#### The data
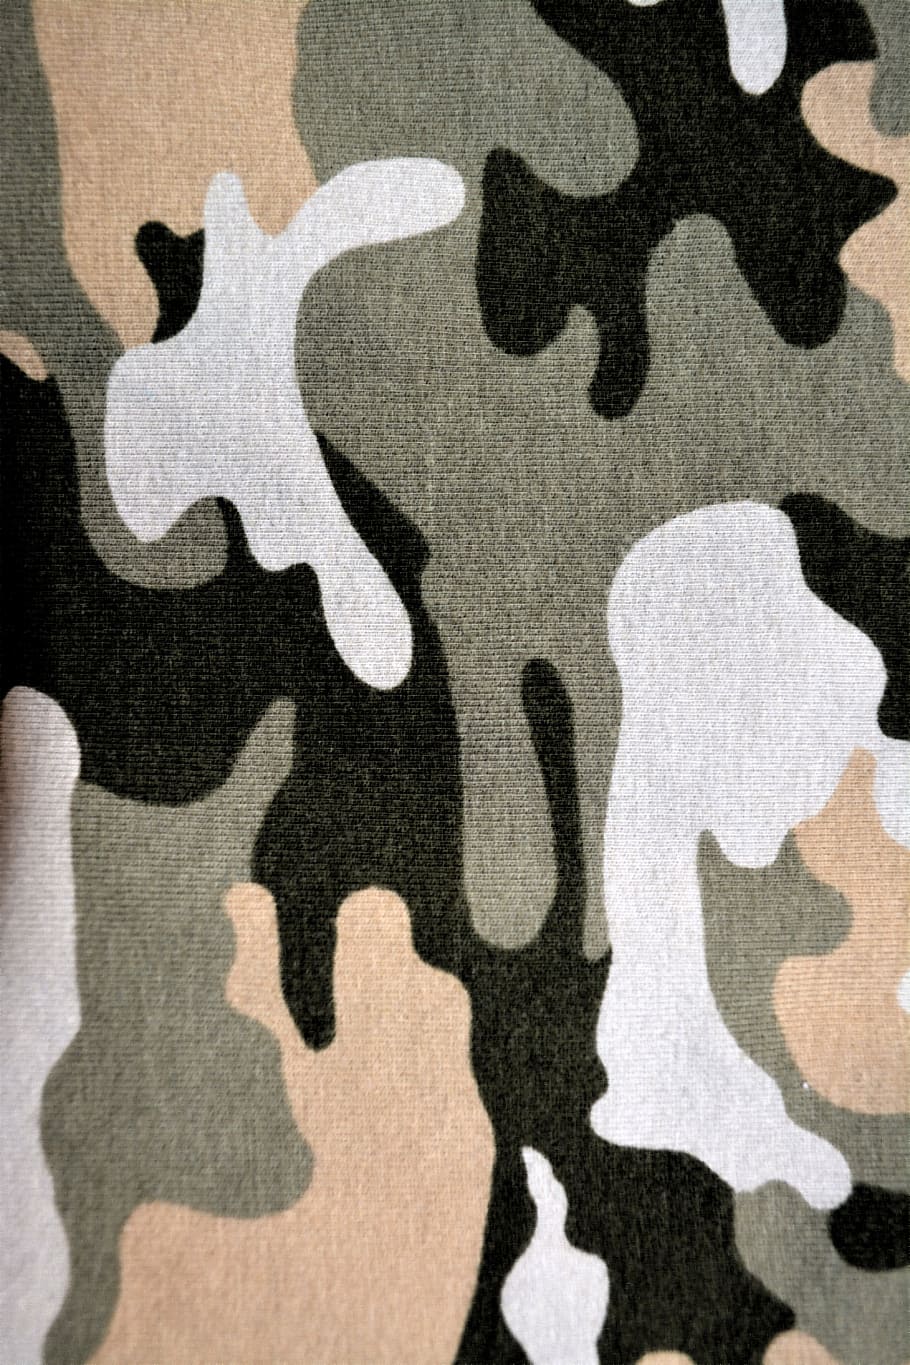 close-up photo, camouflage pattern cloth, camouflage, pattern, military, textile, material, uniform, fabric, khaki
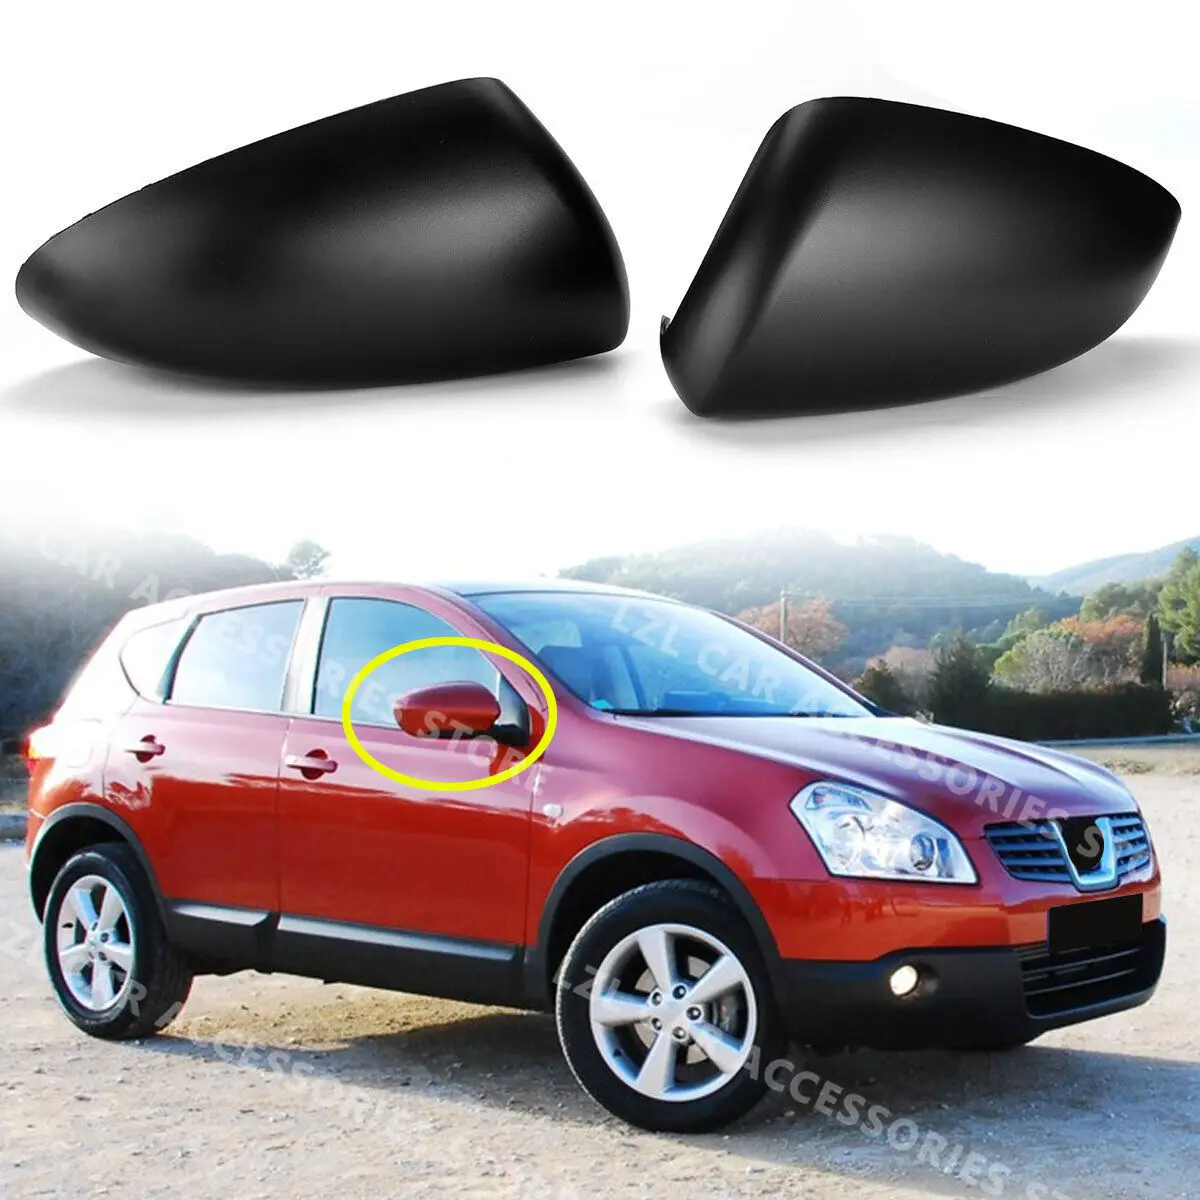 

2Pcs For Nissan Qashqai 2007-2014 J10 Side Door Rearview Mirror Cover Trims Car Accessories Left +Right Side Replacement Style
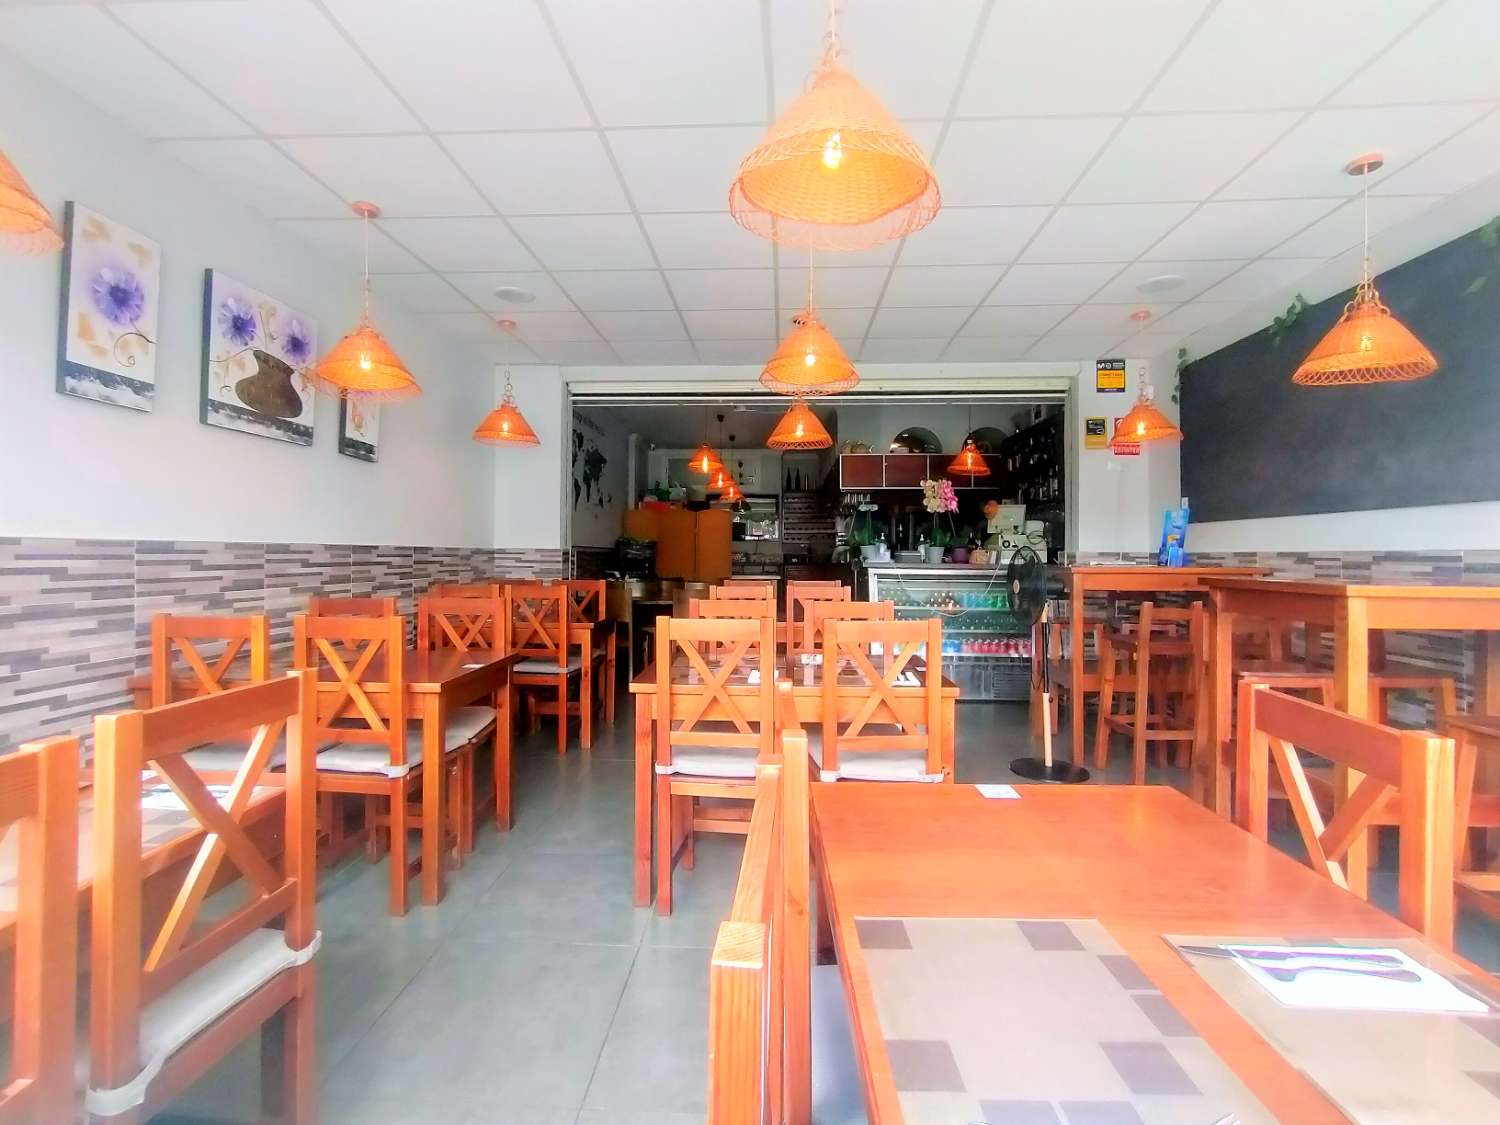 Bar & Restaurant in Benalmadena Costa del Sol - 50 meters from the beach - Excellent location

#### Exercise aim
When you retype the listing, keep every line exactly as it is and drop the pictures.

#### Reply to the task
 close-up photo, camouflage pattern cloth, camouflage, pattern, military, textile, material, uniform, fabric, khaki

2Pcs For Nissan Qashqai 2007-2014 J10 Side Door Rearview Mirror Cover Trims Car Accessories Left +Right Side Replacement Style
 Bar & Restaurant in Benalmadena Costa del Sol - 50 meters from the beach - Excellent location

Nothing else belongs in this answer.